Gamma Theta, Missouri S&T
Former National President, National Vice President and Member of the National Board of Directors of HKN
Professor Emeritus, Missouri State University, Retired 2016
The Other Side of the Mirror:
Observations in Passing from a Student Member to a Board Member of HKN
As a junior student majoring in Electrical Engineering at the University of Missouri at Rolla (now Missouri University of Science and Technology), I was invited to join HKN, the Honor Society of Electrical and Computer Engineering. Reading about HKN, I learned about the history and origins of HKN and that it was an honor society designed to recognize students whose scholarship and character were of high quality. I was told that HKN membership was also a good thing to include on my resume as I looked for a future job in my chosen field of engineering.

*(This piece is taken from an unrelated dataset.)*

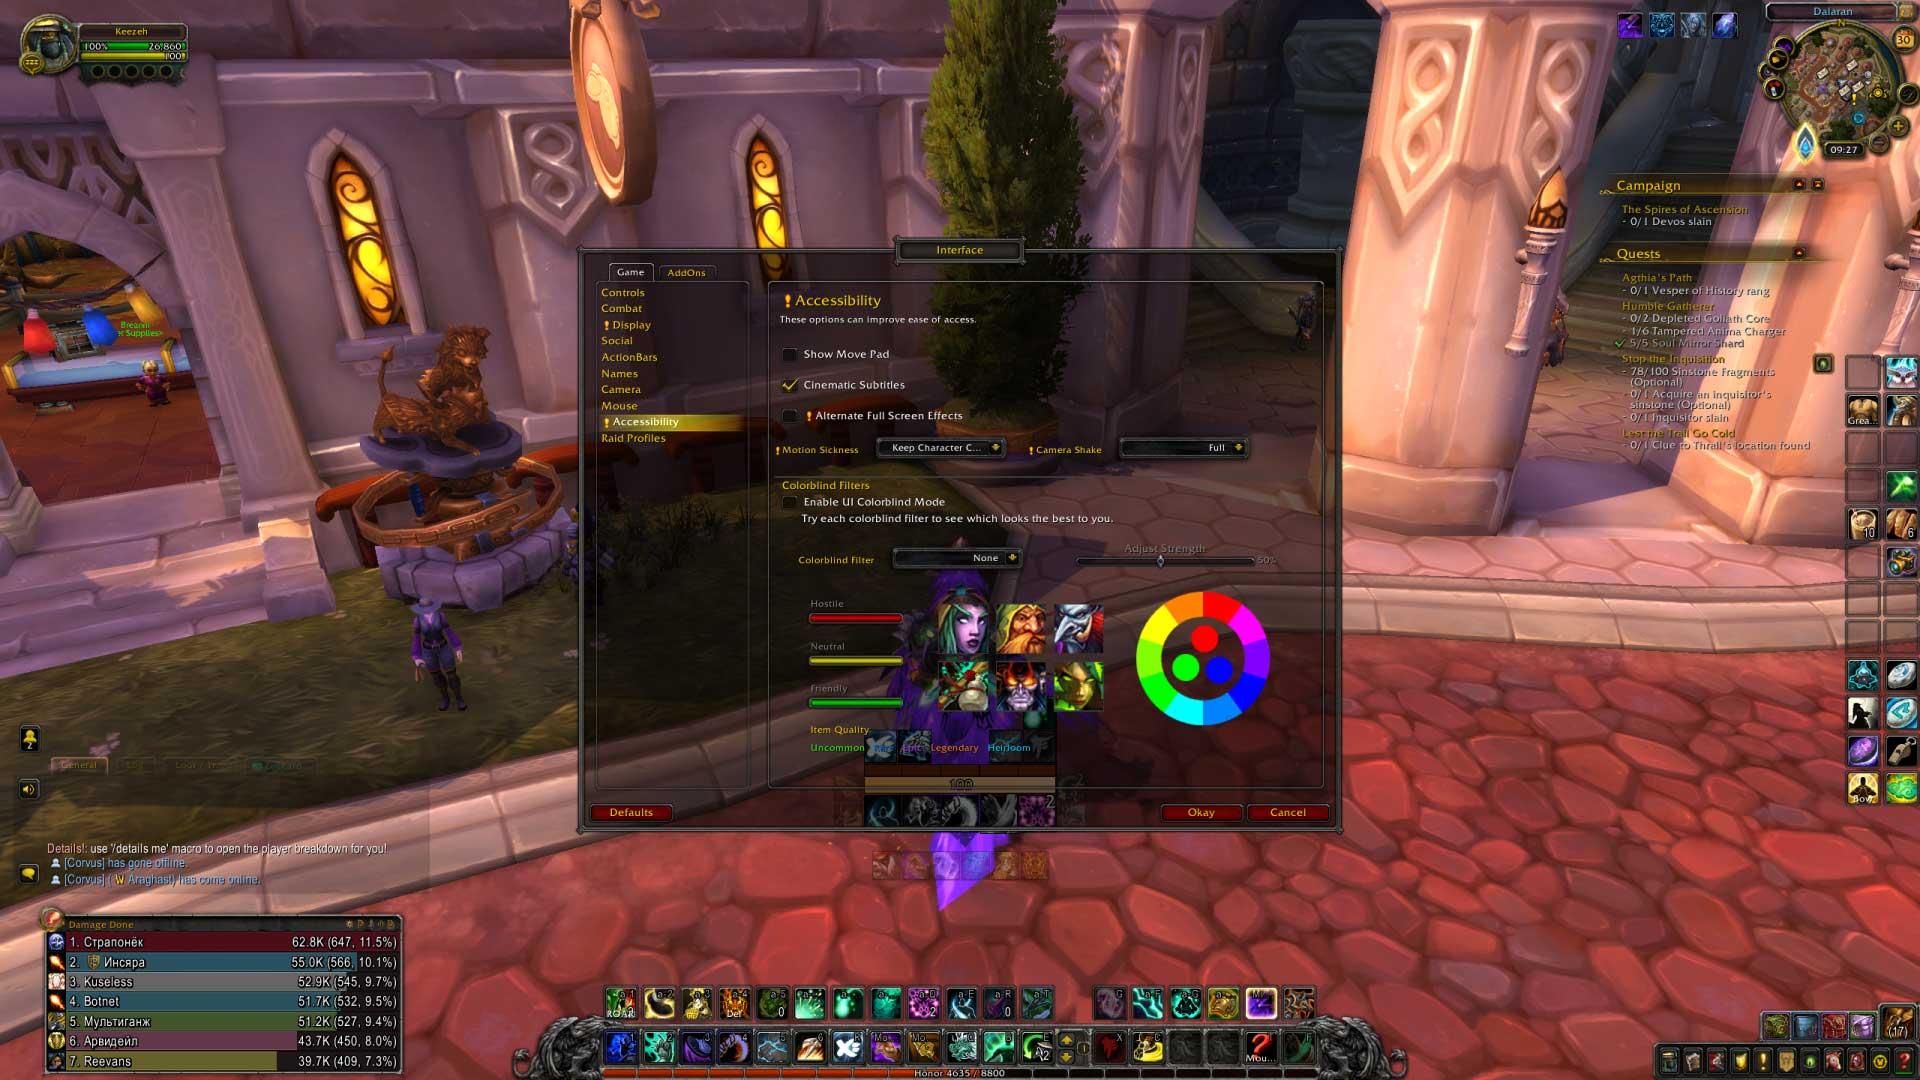 World-of-Warcraft-Ustawienia-interfejsu-6

I thought this would be a good thing to do and went through the initiation process and ceremony. Later as a member of the Gamma Theta Chapter of HKN, I attended chapter meetings, participated in the initiation of additional new members and was generally involved in chapter activities on the Rolla, MO campus.
After I graduated and took my first “real” engineering job, my contact with HKN was through the copies of THE BRIDGE magazine that regularly appeared in my mailbox. I read the magazine with interest, if only to see how my old college chapter was doing.
All that changed one day when I received a call from the late Dr. J.R. “Bob” Betten, who was then the National Executive Secretary of HKN. Bob invited me to serve on the National Board of Directors of HKN. It was quite an honor and I eagerly accepted, not knowing how informative and enlightening my service on the HKN Board would prove to be.
My first Board meeting was on the East Coast. Attendees included men and women whose names I recognized from journal articles, textbooks, and magazine stories, individuals who were leaders in the world of electrical and computer engineering. I was impressed that they, though they had advanced far in their profession, still held allegiance to the principles laid out in the HKN codes and charters. From this side of the mirror, HKN was much more than a little student organization in Rolla, MO. It was an international group of individuals who still believed in and lived by those character qualities stressed by HKN, and which continued to serve as guides through their careers.
Subsequent Board meetings only served to reinforce my initial impressions. HKN was so much more than a student group with a post office box in Rolla, MO. It was a lot more than just a “resume builder” to put on job applications. It is a lifelong community of men and women who strive to live by the codes and creeds of HKN.
I wished then, as I do now, that I could take student members out to the national meetings and show them the other side of the organization. There is indeed much to see and learn on the other side of the HKN mirror.